Couldn't his vision wait till he had finished reading Angel's auto-biography first?

"What is this?" Mister Connors asked, looking at the scratched words on the wall. Lindsey would never doubt this being as a demon ever again as the vision before him mutated and grew, distorted and twisted beyond recognition. "Angelus!" It snarled!

"Angelus has come to hell and we missed him? Where is he?" Becker began to mutate too. It was clear to Lindsey that neither being liked Angelus for whatever reason they had yet to tell him. He warmed even more to these ancient beings.

"He's alive. He came here while alive, or as alive as the undead get at any rate. He was sent back, no doubt too close to living for the demons in this place. It was Angelus that killed me!" Lindsey turned from demon to demon, almost pleading for their belief.

"How could that be?" Connors asked. "How could such a vile demon be given such charity? And sent here as yet undead, that's a cruelty worthy of Angelus himself! I would have said there was no being as so cruel as he that would do such a thing."

"See, I kinda scanned along a bit a while back. He was sent here, physically, by his then lover, and with his soul back in place..." Lindsey ran his little light along the carved words. Looking for the relevant passage. "See, here it is!"

"Hmm." Was all that Mister Connors would say on the subject.

"Bring your light to the start, child. I want to take Angelus' words with us. We can read them later and decide which words we believe. Those of the so called ensouled demon known as Angel, or those of our dear William." It was Mister Becker that made that so polite request. Yet, Lindsey recognised a request that was a demand when he heard one. Oddly enough, usually from a demon!

"Your William is his William isn't it? Your William is Spike, William the Bloody?" Lindsey finally gathered his wits and began making the synthesists connections he had been hired by Wolfram and Hart to make for them. His greatest talent, making something out of apparent nothingness.

"In deed he is. You are a clever man, Mister MacDonald." He noted the younger soul's reaction to the mention of his surname. "I told you, we know all those who work for our dear friends. And that includes you. Our dear William did become the vampire known as Spike. Why do you ask? You disapprove of vampires?"

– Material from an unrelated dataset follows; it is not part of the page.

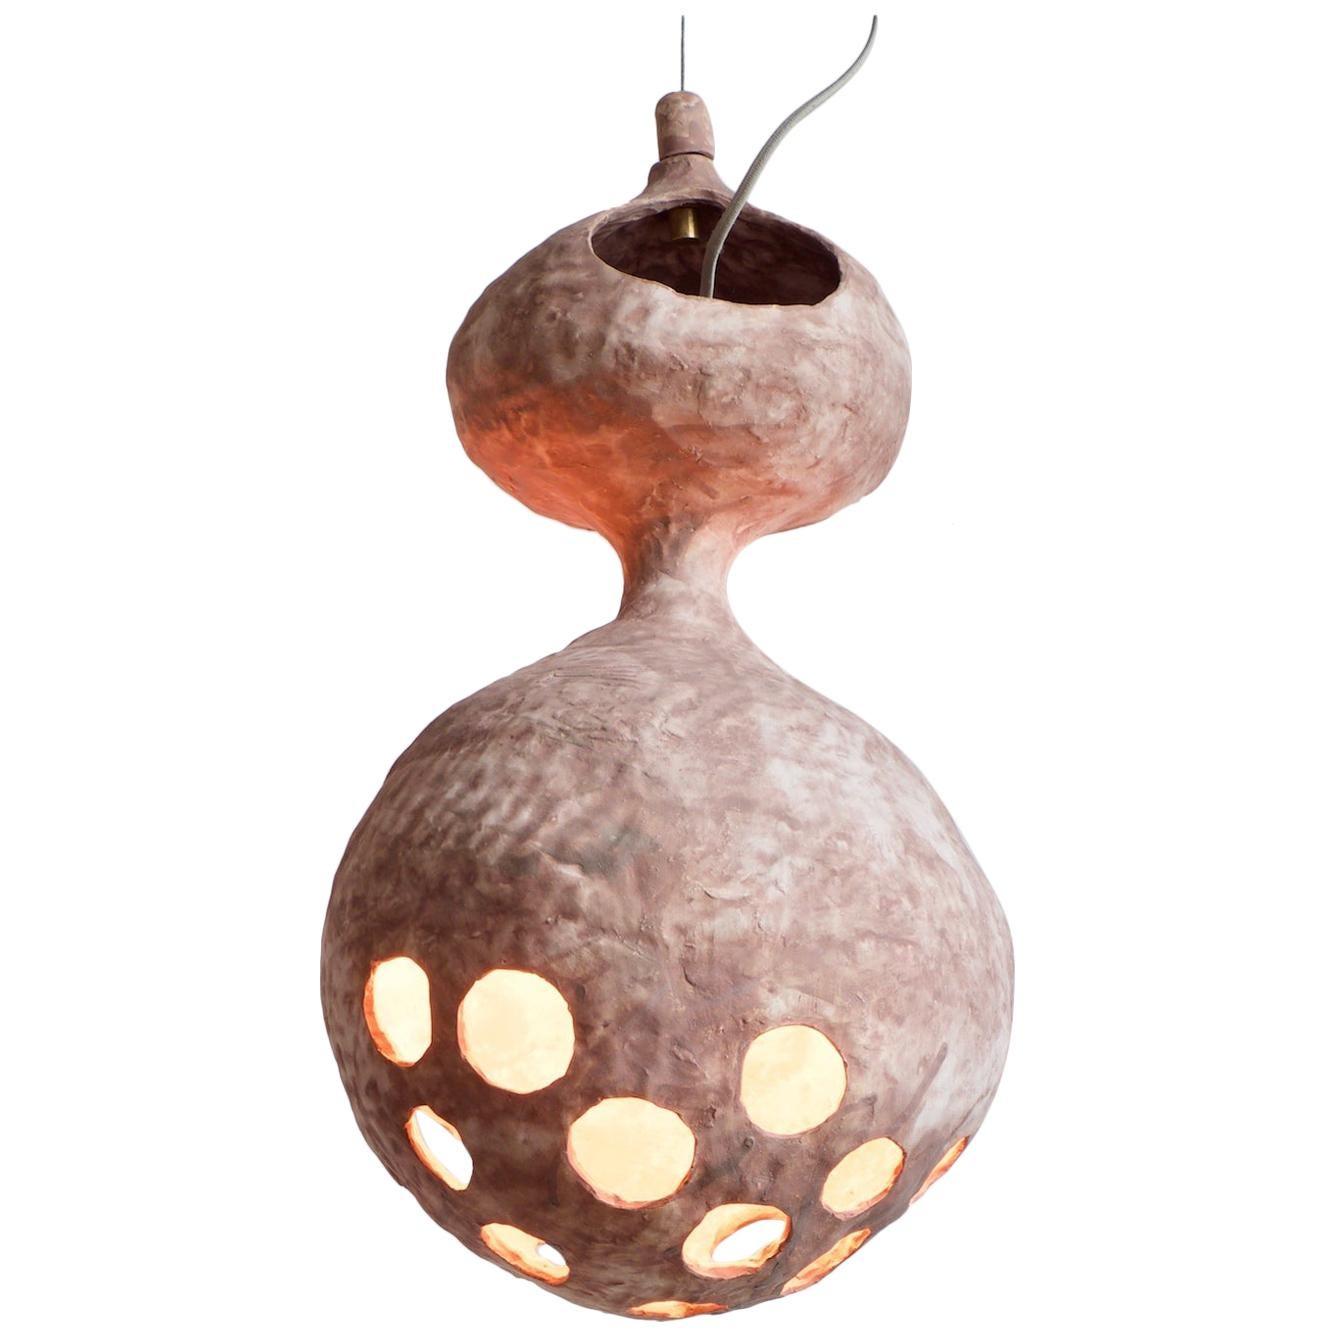 Sculptural Hand-Built Ceramic Pendant Lamp in Matte Earth-Tone by Yuko Nishikawa

"No, not really, it's just that I think maybe something's happened to William, to Spike. Something powerful and strong enough to succeed where we were failing. We, they, Wolfram and Hart rather, were trying to drive Angel insane, trying to make Angelus come to the fore. To break him and leave him only able to function under our control. Only I think something happened that we didn't, couldn't allow for. Then he came and killed me. His sire, Darla, was hiding in my place, and I thought he wanted her for himself, but she too died, right after me. She brought me this little light and admitted she didn't know anymore than I as to why Angelus did as he did." Lindsey paced the wall, trailing the light for his visiting demons to scan the words.

As they read them the words faded and vanished from the wall. Lindsey kept walking and talking, trying not to think about the vanishing tale of woe.

"See, Angel got his soul forced back on him for the first time back in 1898. He was filled with such guilt for his actions as a vampire. His greatest regret is in this section. Well, greatest that I've read so far. He fell in love. Angelus, not Angel. He fell in love with an innocent young man and got all possessive and jealous, and finally he killed him. The man he had fallen in love with was a mortal and in a jealous rage he killed him, and turned him, and abandoned him. There's a lot of references to his hearing that Spike did this and Spike did that. All with this sense of pride, or possibly love. And loosing Spike is the only thing that I now think would destroy both Angel and Angelus. We picked the wrong damn target!" And in his utter despair at having died for the wrong cause, he laughed. He laughed rather than cry before these, his most senior of senior partners. "I died for entirely the wrong fucking cause!" And he laughed some more.

Unlike those demons left behind, these two elder beings just held the younger soul as it laughed itself out.